Dubbo benchmarks Spring Cloud microservices:
- Background analysis: Dubbo is the core framework of Alibaba's service-oriented governance and is widely used in various Internet companies in China; Spring Cloud is a product of the well-known Spring family. Alibaba is a commercial company. Although it has also open sourced many top-level projects, it still focuses on serving its own business in terms of overall strategy. Spring focuses on the research and development of enterprise-level open source frameworks, which are widely used in China and in the world. The development of a universal, open source, and robust open source framework is their main business.
- Activity comparison: Dubbo is a very good service governance framework, and it is better than Spring Cloud in terms of service governance, grayscale publishing, and traffic distribution. In addition to the addition of rest support on the basis of Dangdang, Dubbo has There has been almost no update for more than two years. Problems occurred during use, and the Issue submitted to GitHub rarely responded. On the contrary, Spring Cloud has continued to develop at a high speed since its development. It can be seen from the frequency of code submissions on GitHub and the time interval between releases. Now Spring Cloud is about to release version 2.0, which will be more complete and stable in the later period.
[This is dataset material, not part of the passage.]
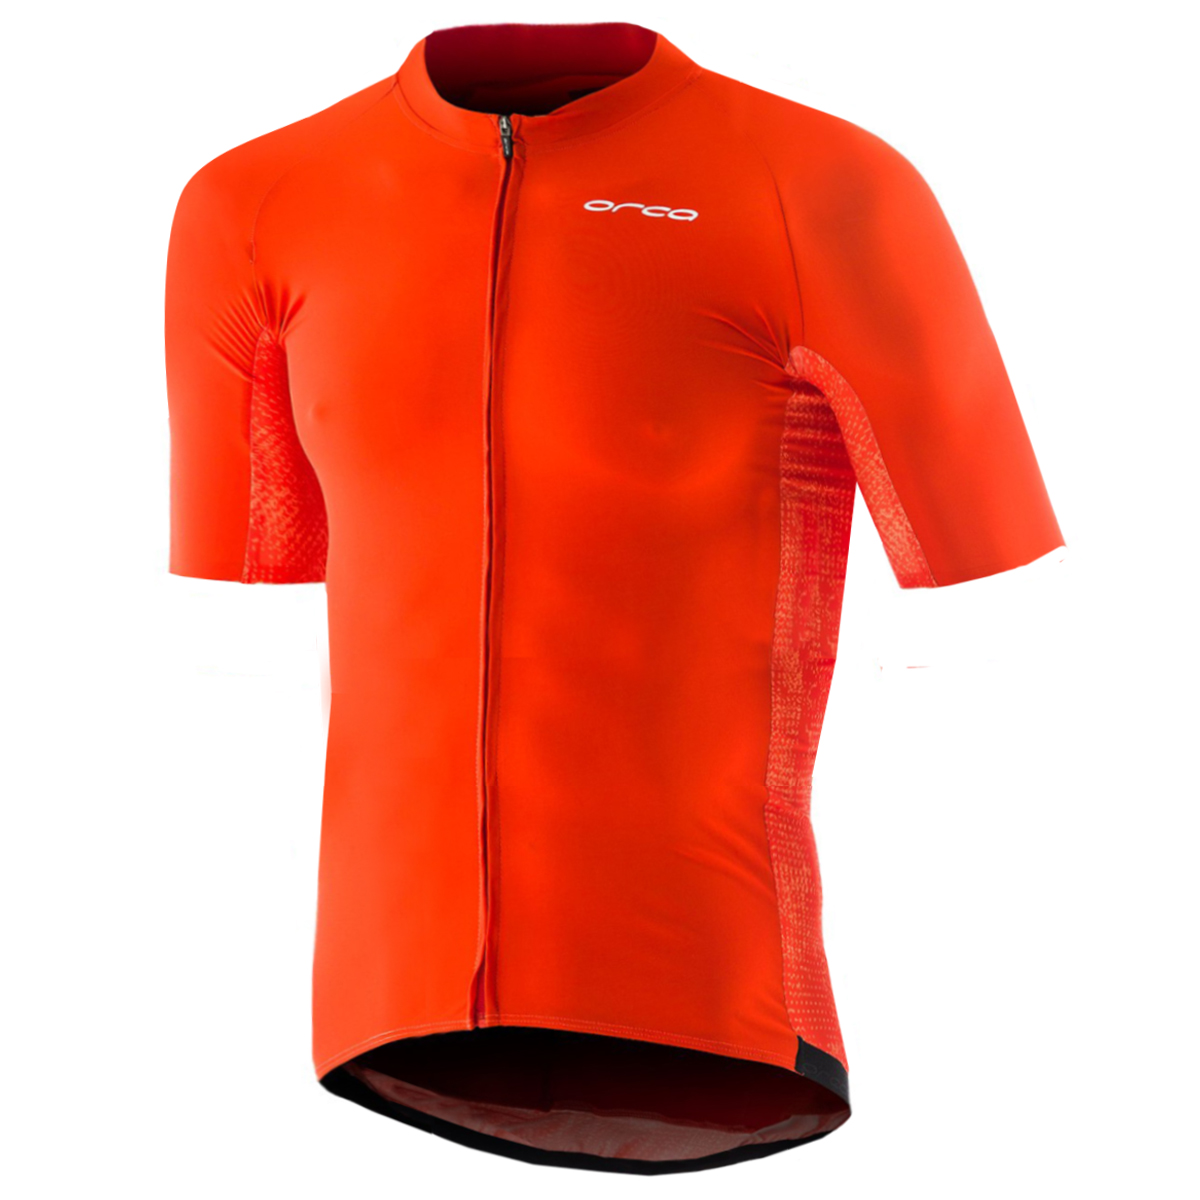 Produktbild von Orca Cycling Jersey - high vis orange

- Platform architecture: The Dubbo framework only focuses on the governance between services. If we need to use the configuration center and distributed tracking, we need to integrate it ourselves, which will increase the difficulty of using Dubbo invisibly. Spring Cloud considers almost all aspects of service governance, and with the support of Spring Boot, it is very convenient and simple to develop.
- Technical prospects: Dubbo has also benefited a lot from small and medium-sized companies. After so many years of development, more advanced technologies and concepts have emerged in the Internet industry. Dubbo is a pity. Spring launched Spring Boot/Cloud for many reasons. The lightweight framework advocated by Spring at first became larger and larger with continuous development. With more and more integrated projects, the configuration files became more and more chaotic, gradually deviating from the original concept. With so many years of development and the emergence of more new technical concepts such as microservices and distributed link tracking, Spring urgently needs a framework to improve the previous development model, so the Spring Boot/Cloud project will appear. Let s visit now On the Spring official website, you will find that Spring Boot and Spring Cloud have been placed in the first two of the three most prominent projects on the homepage, which shows how much Spring attaches to these two frameworks. Dubbo is implemented as follows:
Spring Cloud implementation ideas:
Principle: Supervising service registration and discovery, that is, if the name of the microservice is registered with Eureka, the microservice can be found through Eureka without modifying the configuration file of the service call.
Analysis: Spring Cloud encapsulates the Eureka module developed by Netflix to realize service registration and discovery. The design architecture of cs is adopted. Eureka Server serves as the server for the service registration function. It is the service registration center. The other microservices of the system use Eureka's client to connect to the Eureka Server and maintain a heartbeat. In this way, system maintainers can use Eureka Server to monitor whether each microservice in the system is operating normally. Some other modules of Spring Cloud (such as Zuul) can use Eureka Server to discover other microservices of the system and execute related logic.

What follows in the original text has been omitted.